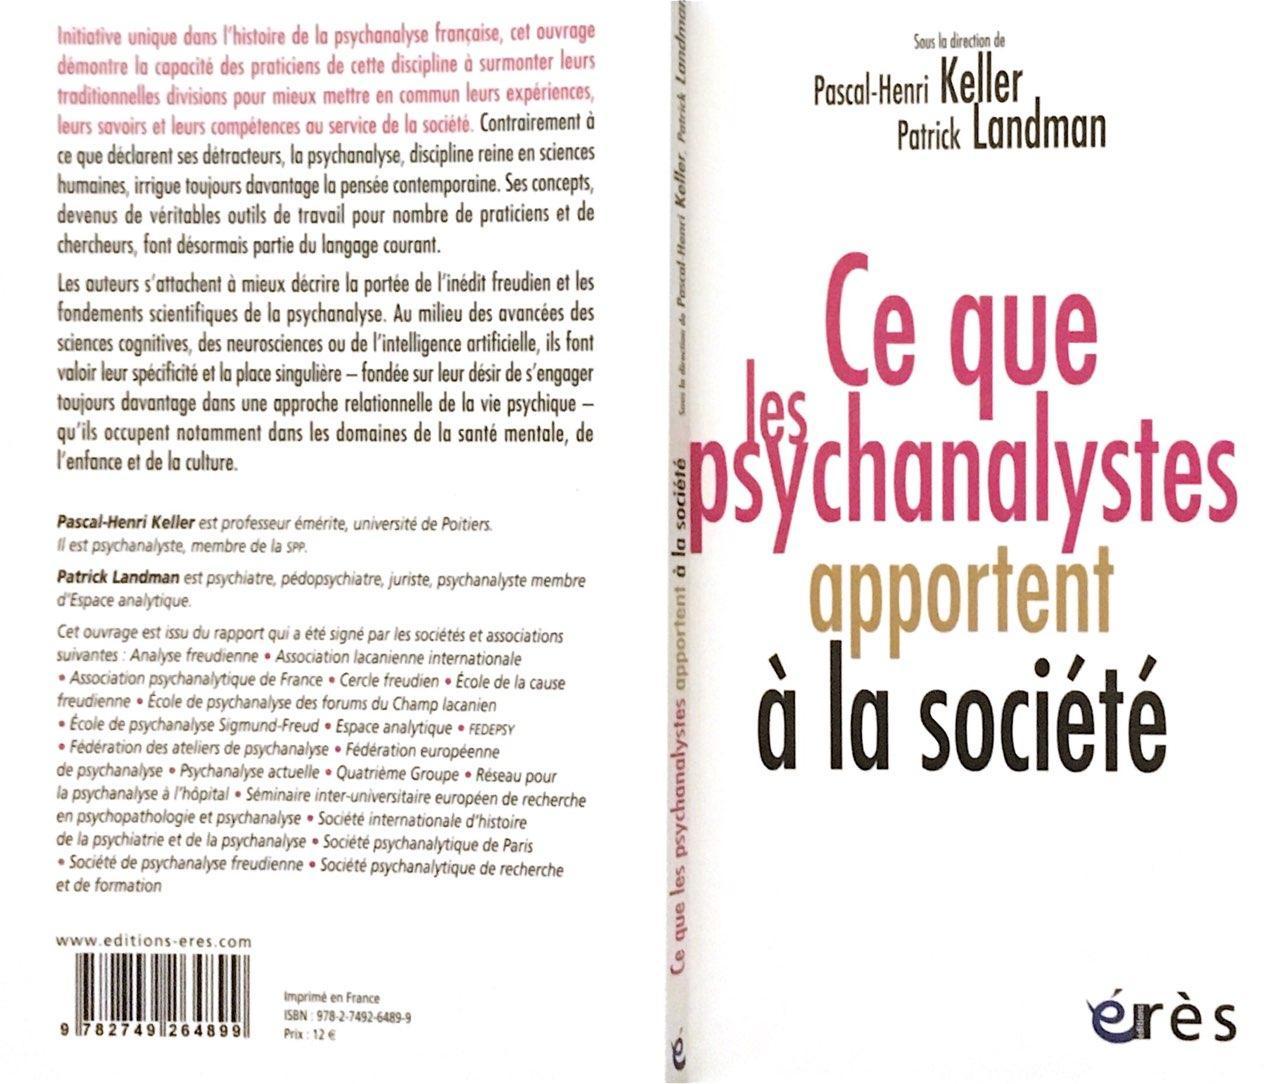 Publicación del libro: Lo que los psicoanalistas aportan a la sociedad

——

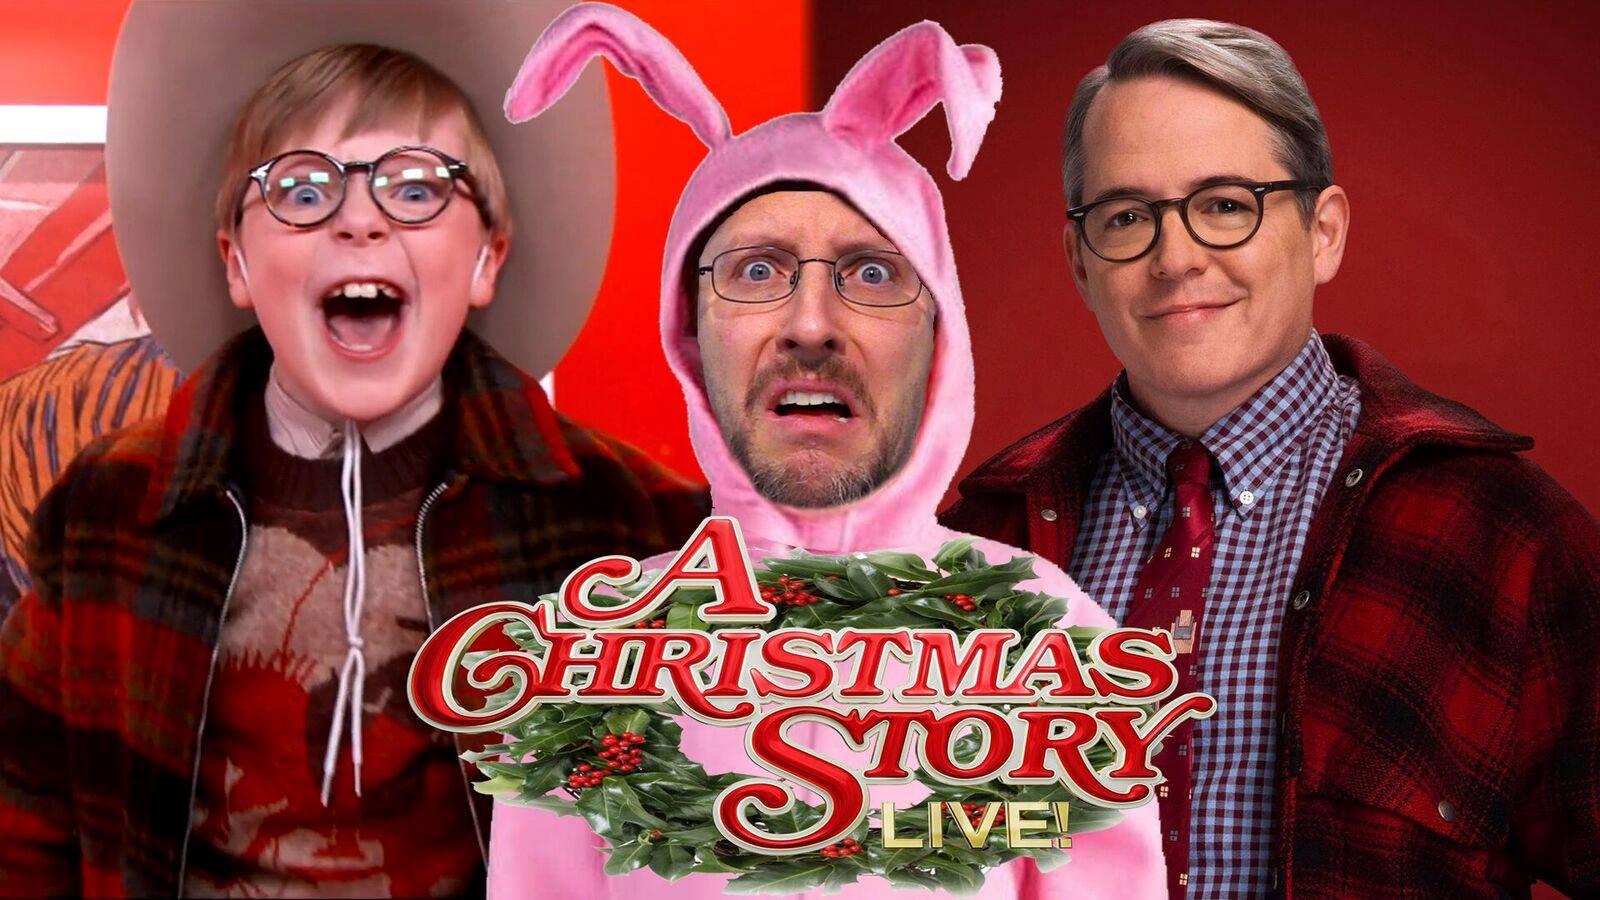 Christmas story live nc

——

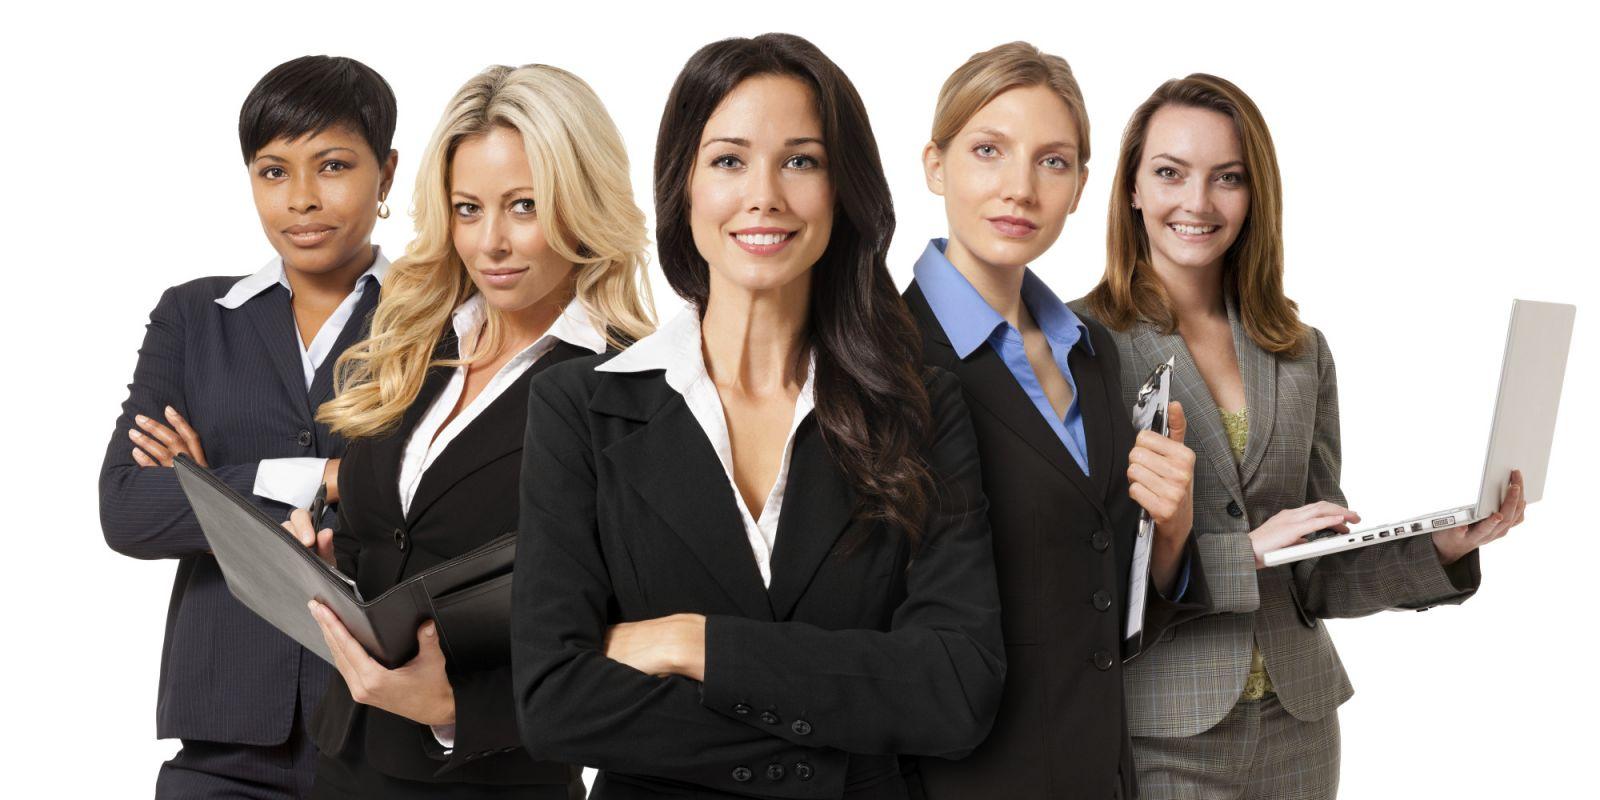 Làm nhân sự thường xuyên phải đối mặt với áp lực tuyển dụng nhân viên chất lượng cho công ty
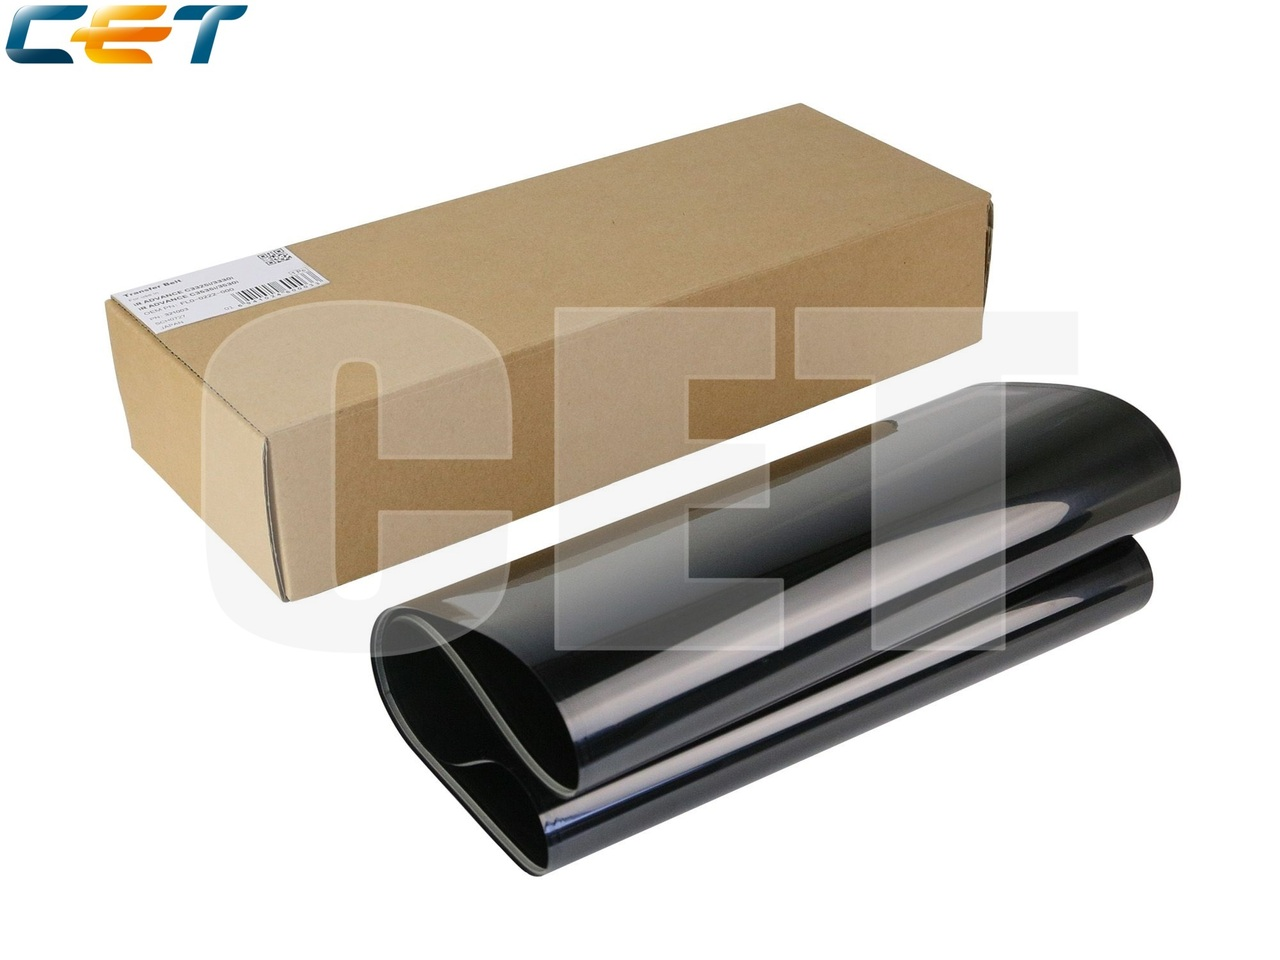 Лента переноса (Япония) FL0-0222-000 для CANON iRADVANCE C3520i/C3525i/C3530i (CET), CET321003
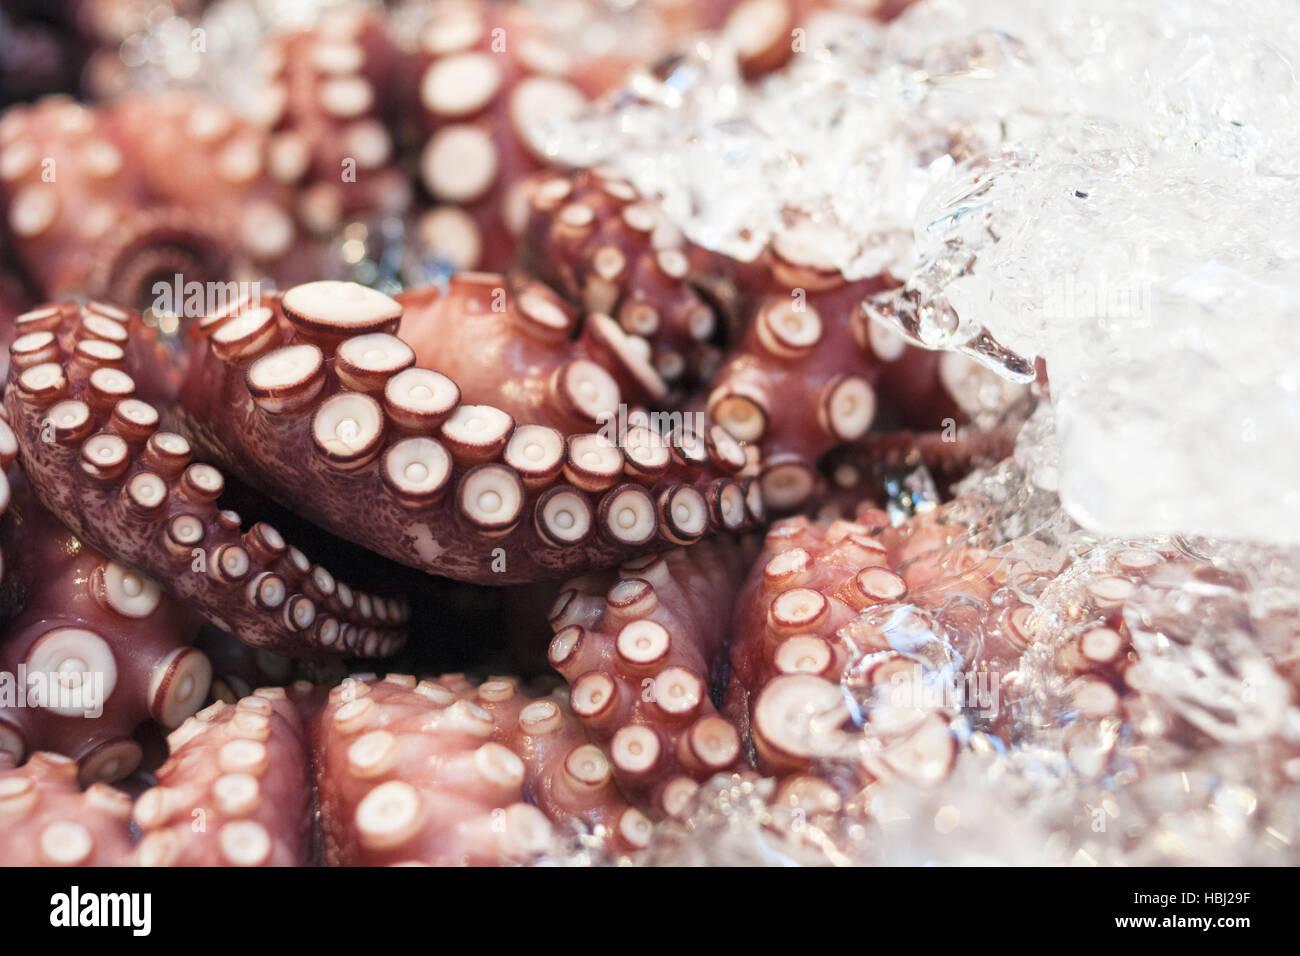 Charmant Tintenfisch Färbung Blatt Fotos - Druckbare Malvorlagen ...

——

== Work to be completed ==
In the listing above, find the line containing "Làm nhân sự" and the line containing "Charmant Tintenfisch Färbung"; print those lines and every line between them exactly, leaving out pictures.

== Response for this exercise ==
 Làm nhân sự thường xuyên phải đối mặt với áp lực tuyển dụng nhân viên chất lượng cho công ty
 Лента переноса (Япония) FL0-0222-000 для CANON iRADVANCE C3520i/C3525i/C3530i (CET), CET321003
 Charmant Tintenfisch Färbung Blatt Fotos - Druckbare Malvorlagen ...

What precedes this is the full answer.